Shuck and Jive


Wednesday, September 24, 2008

Earth as Sacred Community


We are reading Thomas Berry's Evening Thoughts: Earth As Sacred Community during our Thursdays with Jesus study group. If you are near our sacred mountain, join us every Thursday from 10:30 until noon.






This is an insightful book. His ideas resonate with me. Evening Thoughts is a collection of essays regarding Earth and the place of the human. "The Place of the Human" is the title of the essay we will discuss tomorrow. He begins:




How and why did our present devastation of the Earth happen? How did Western civilization, deriving as it does from a biblical Christian humanist matrix, provide the basis for the aggressive commercial industrial culture that grew from it? How has industrial culture led to the catastrophic processes we witness at the present time?
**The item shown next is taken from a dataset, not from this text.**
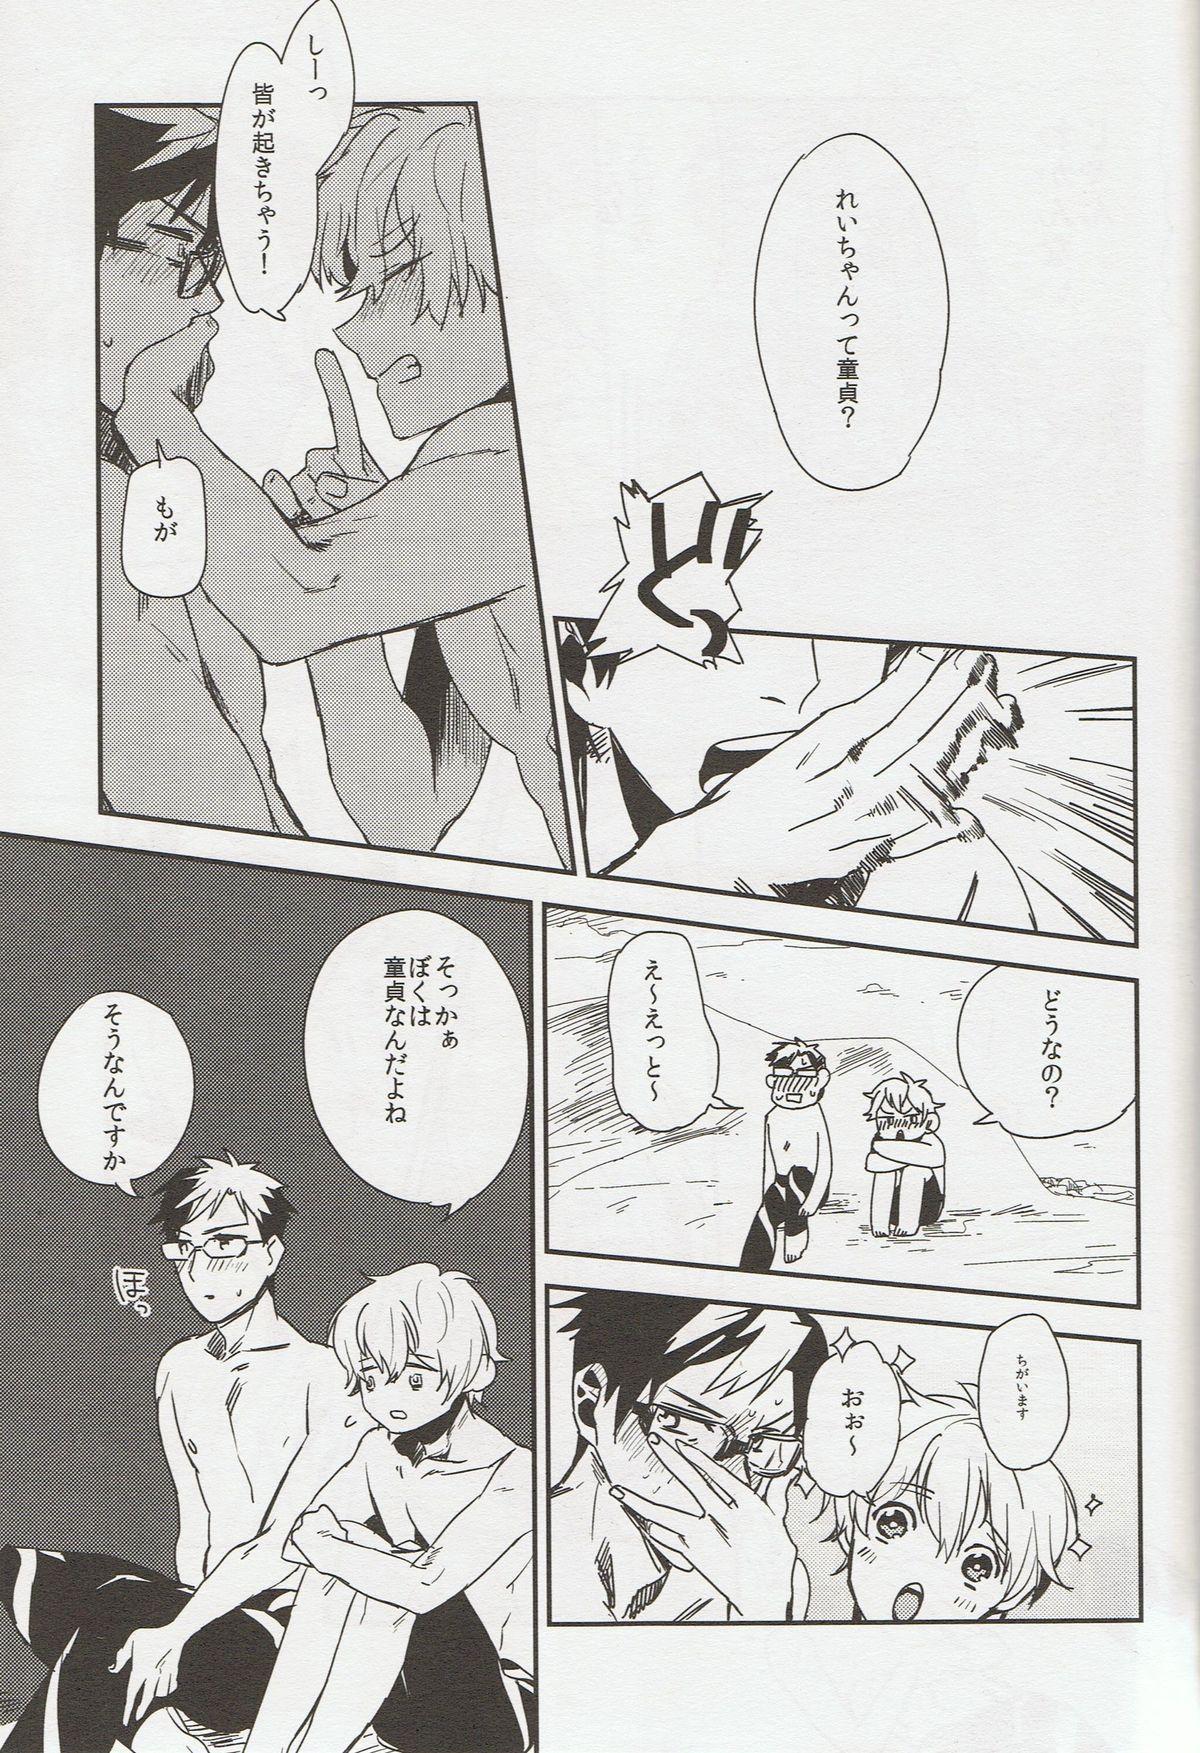 Sou da, Tottori Sakyuu Ikou. 39

We might consider these questions in terms of the six transcendences that have made us vulnerable to such forms of development over the centuries.
He goes on to describe the six transcendences. I will offer each with a brief description.
  1. a transcendent, personal, monotheistic, creative deity. A transcendent patriarchal deity outside of the phenomenal world has served to "desacralize the phenomenal world." Berry suggests that "the first commandment might read: 'Thou shalt not have an Earth Mother.'" We treat the phenomenal world with less reverence than those cultures in which there is a "sacred dimension to trees, to rivers, and to the whole of creation."
  2. the spiritual nature of the human. We do not form a single society with this world. We do not belong to this world and are detached from it. The material world loses its sacred dimension.
  3. the primacy of our belief in redemption. We are not for this world but belong to some transcendent world. We need redemption from the material world itself.
  4. the transcendence of mind. This is the result of Descarte's separating the mind from the material world. Until Descartes, each living being was an ensouled being. After Descartes, each living being is a mechanism.
  5. our transcendent technology. With technology, humans are able to transcend their natural limits. "We can preserve life. We can delay death. We can extinguish other life forms."
  6. a transcendent historical destiny for humans. Our destiny is in some other world. This is so much the case that "religious believers in our society have shown little concern for the integrity and survival of this world. Only such disdain for this world could have so diminished our concern for what is happening here that we would accept the extinguishing of living forms on such a scale that it could only be equaled by the extinction at the end of the Mesozoic period some 65 million years ago."
He goes on to say that "the controlling force of modern civilization that has brought us to where we are is the complex of industrial corporations that developed throughout Western civilization in the twentieth century. "

Berry says we need a realistic evaluation of the vision of the industrial world and an alternative vision. We cannot sustain this way of life. But we cannot seem to give it up.

The industrial world has a dark side that its creators did not foresee. But we see it. We cannot maintain it financially. Earth does not have the petrochemical resources to sustain it.


He writes: "All the oil in Alaska will not keep the United States going for more than a few years."


So how do we envision our future?

The natural world itself is the primary economic reality, the primary educator, the primary governance, the primary healer, the primary presence of the sacred, the primary moral value.
He concludes this essay with the preamble of the Earth Charter:
Humanity is part of a vast evolving universe. Earth, our home, is alive with a unique community of life. The forces of nature make existence a demanding and uncertain adventure, but Earth has provided the conditions essential to life's evolution.
According to the charter: "The protection of Earth's vitality, diversity, and beauty is a sacred trust."

That sacred trust says Berry is

"the counterpoint to the particular transcendences outlined in this chapter. With the emergence of this alternative biocracy, the conditions for the sustainability of life systems can be established."
It is pleasing to read someone who resonates with your way of thinking. What he says so eloquently is what I have been trying to say. Our religion, our education, our governance, our meaning and purpose must be connected with Earth and our future. Earth is our home. Earth is sacred.